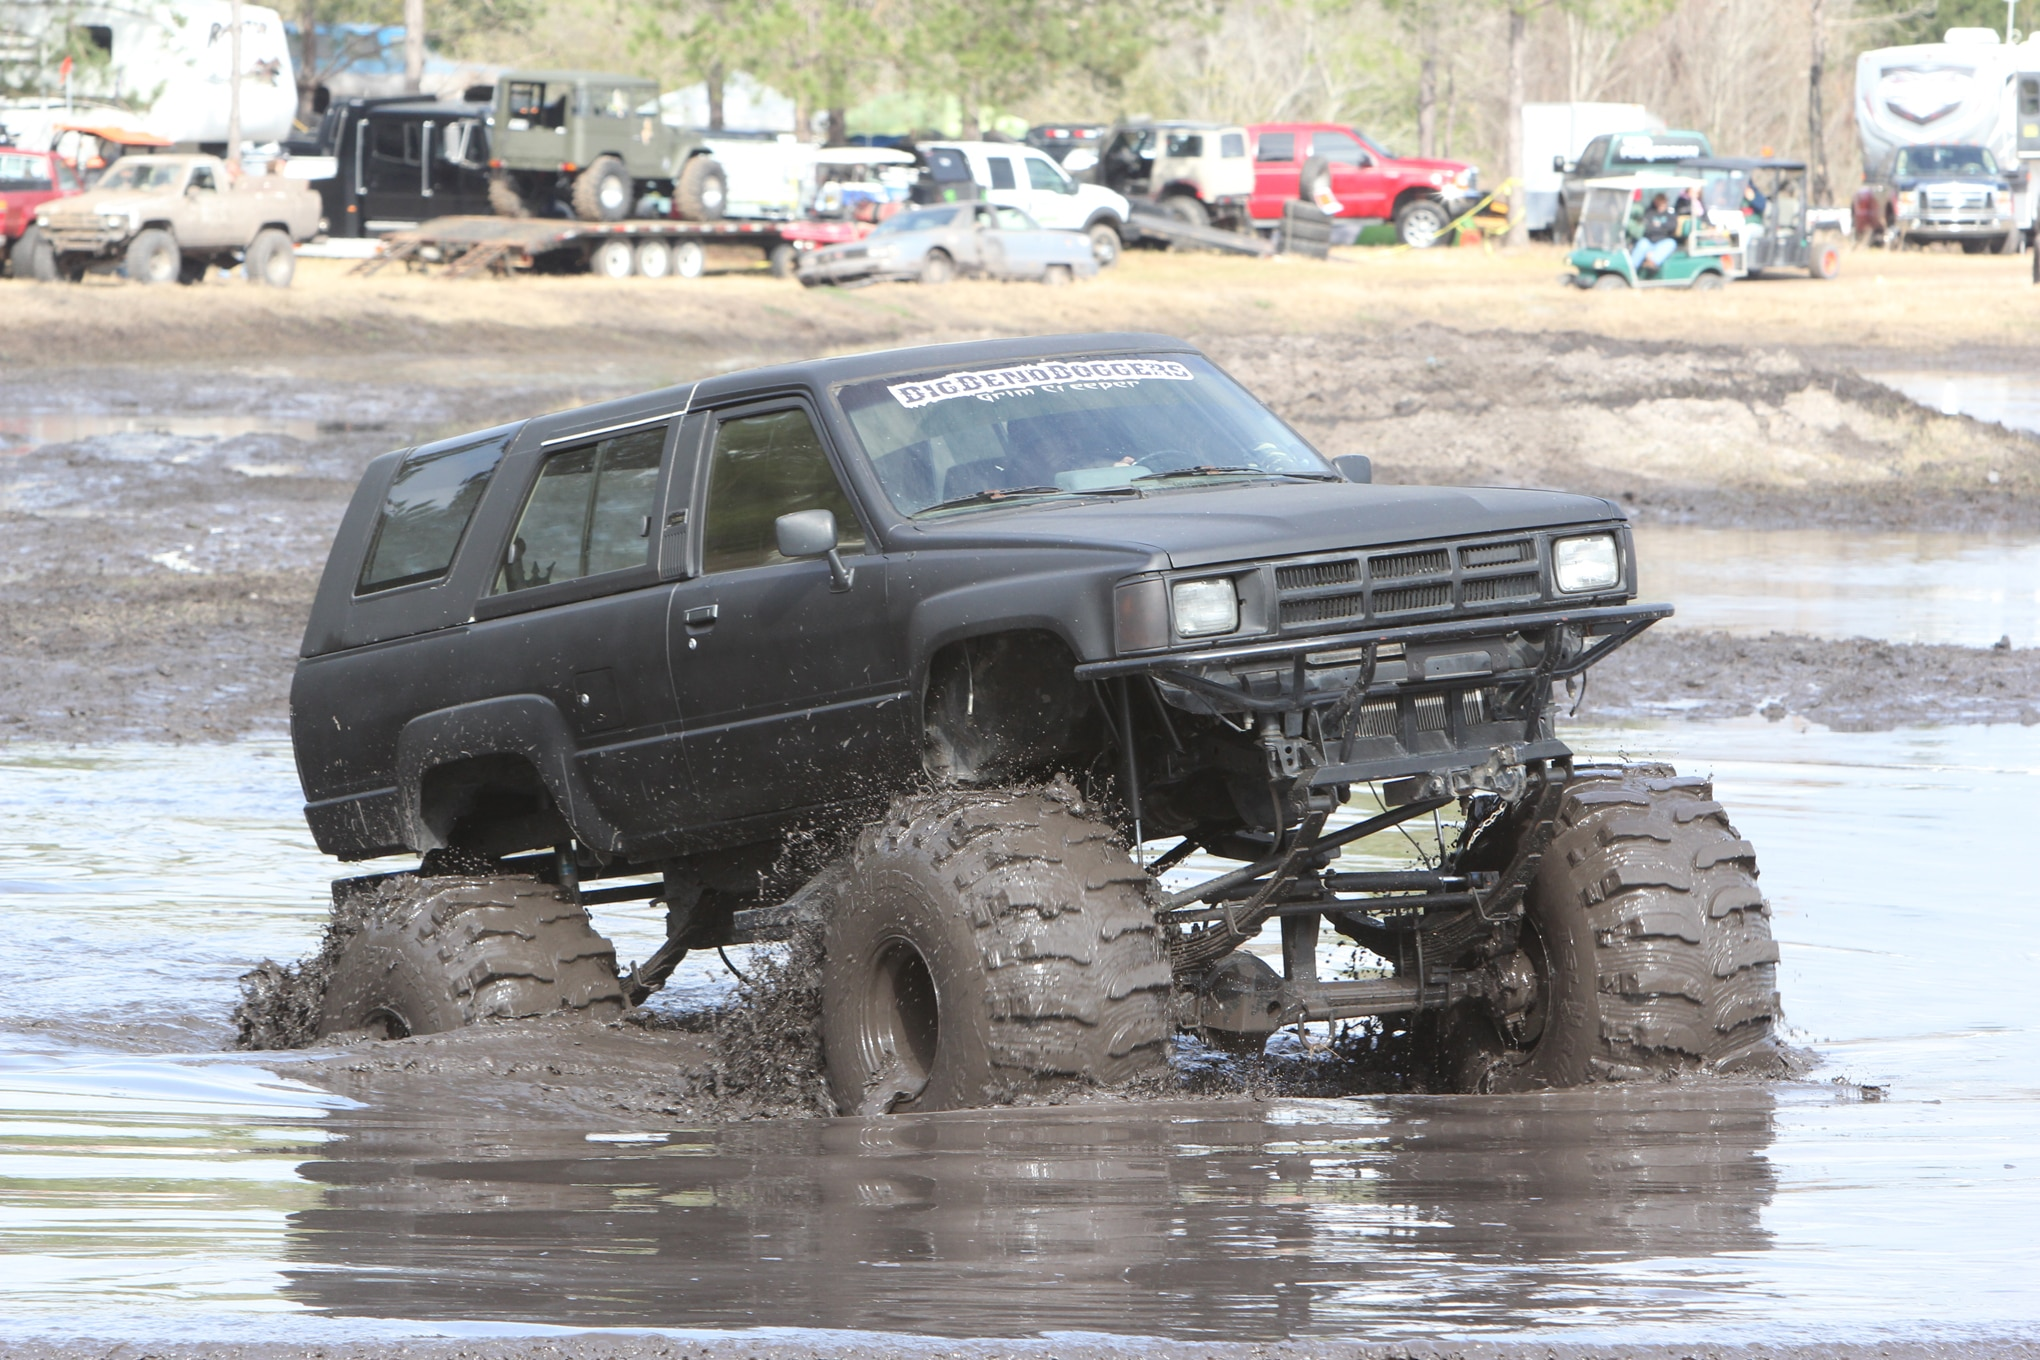 010 south berlin mud ranch 2016
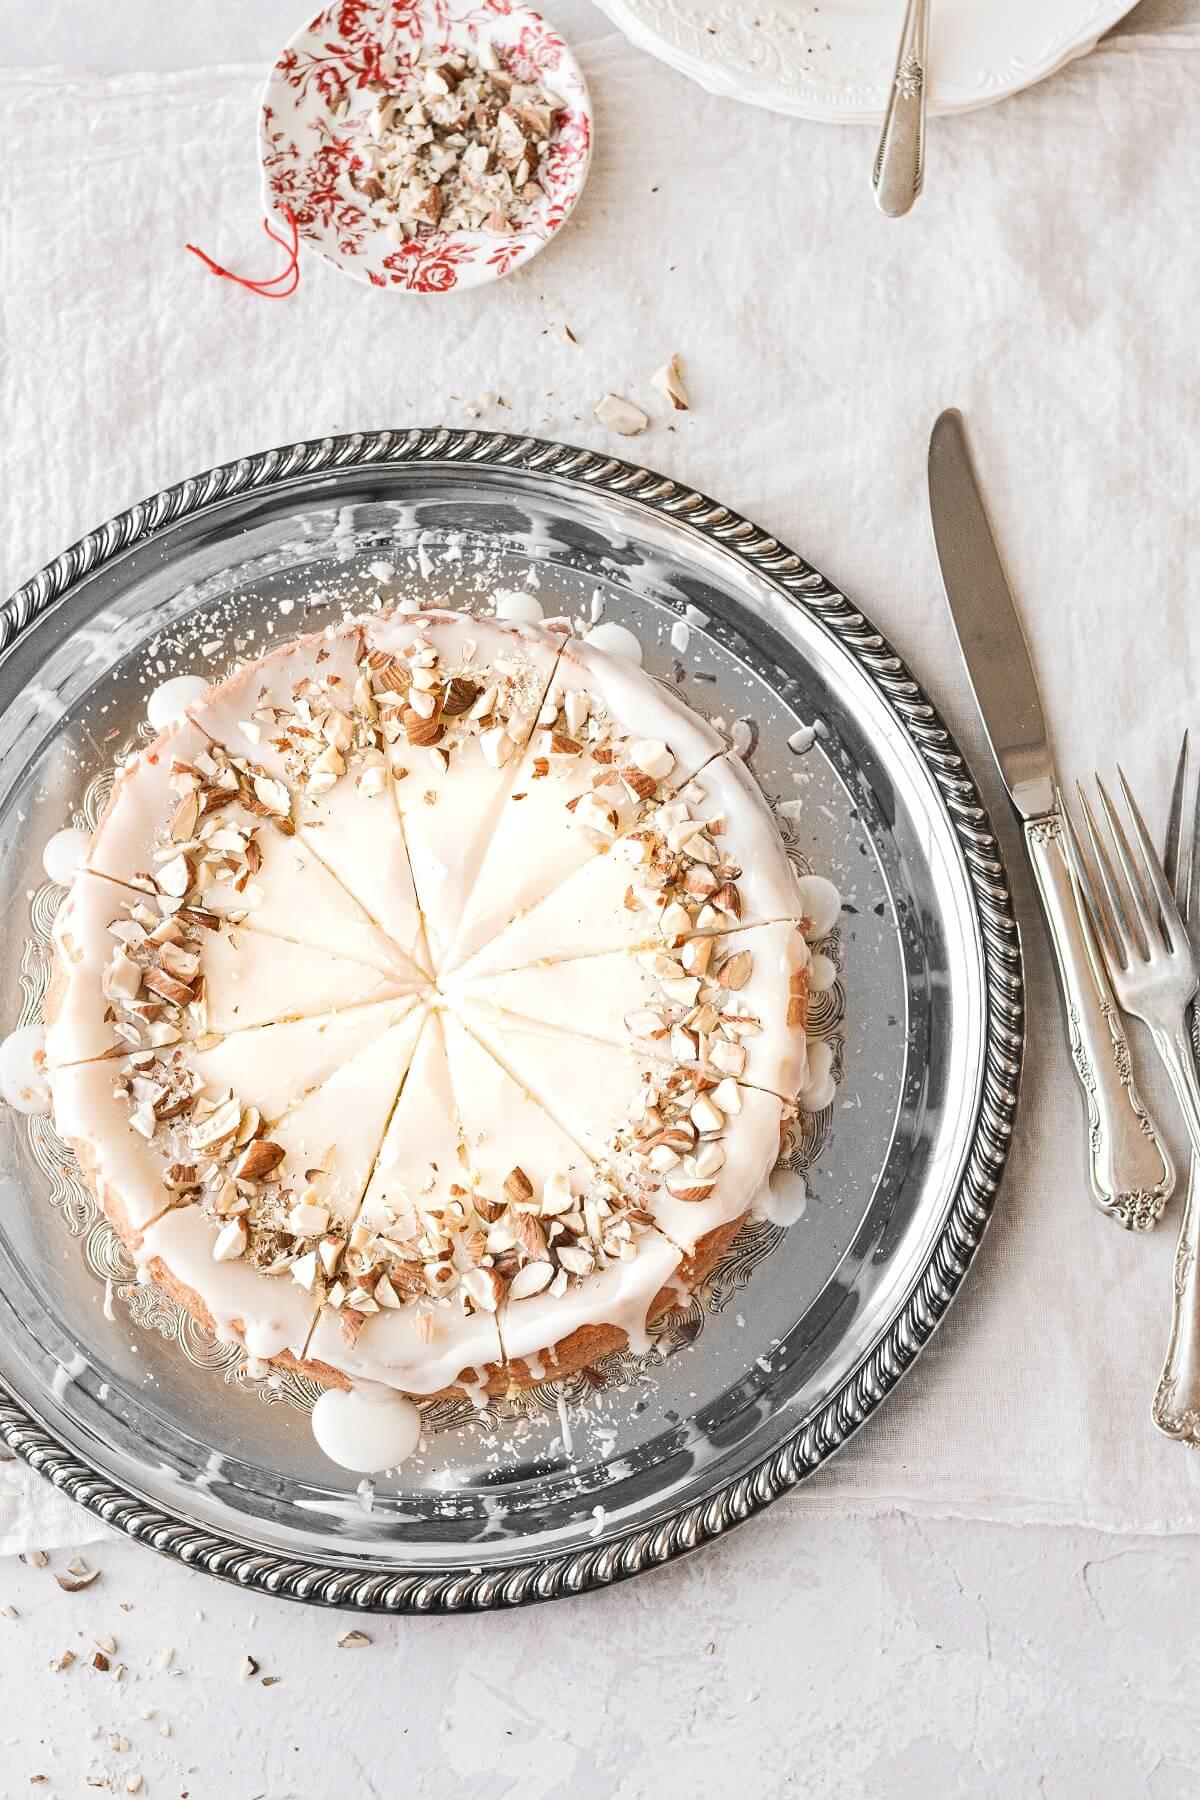 Flourless almond cake, cut into slices.
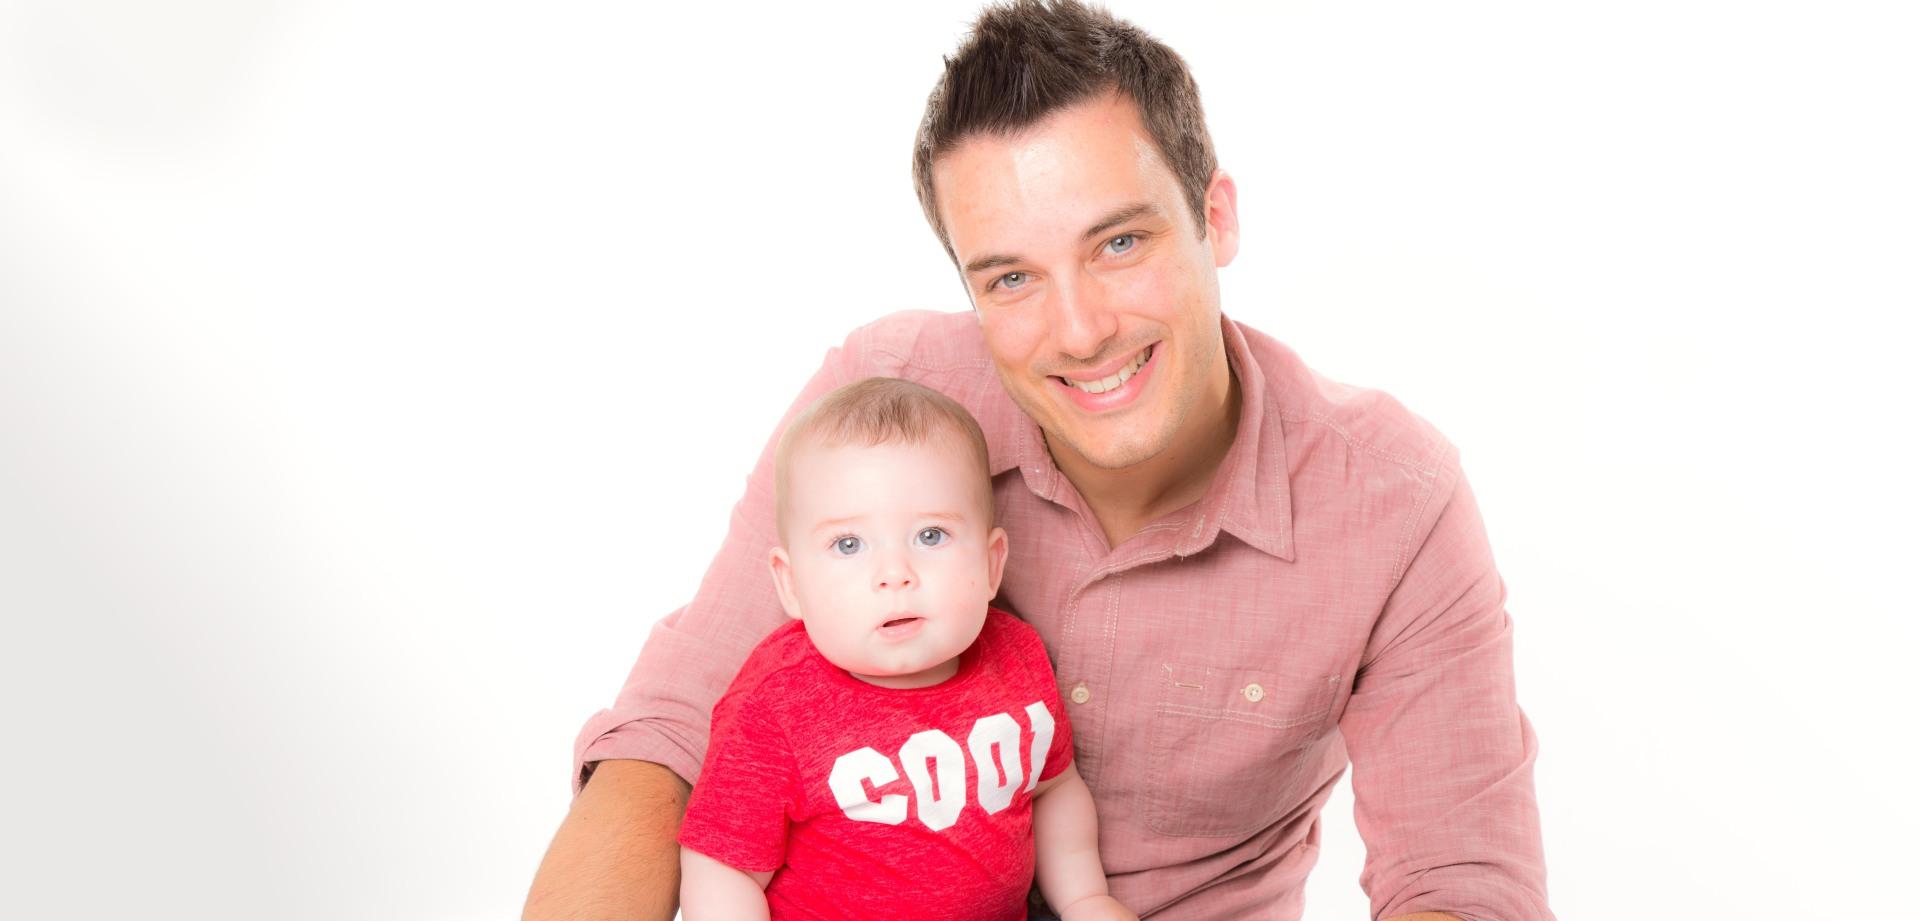 Chris Turton Family Portrait Photography

---*---

▶ **Task to carry out**: Quote all the lines above exactly as given. Do not include the pictures.

▶ **Exercise output**:
 010 south berlin mud ranch 2016
 Flourless almond cake, cut into slices.
 Chris Turton Family Portrait Photography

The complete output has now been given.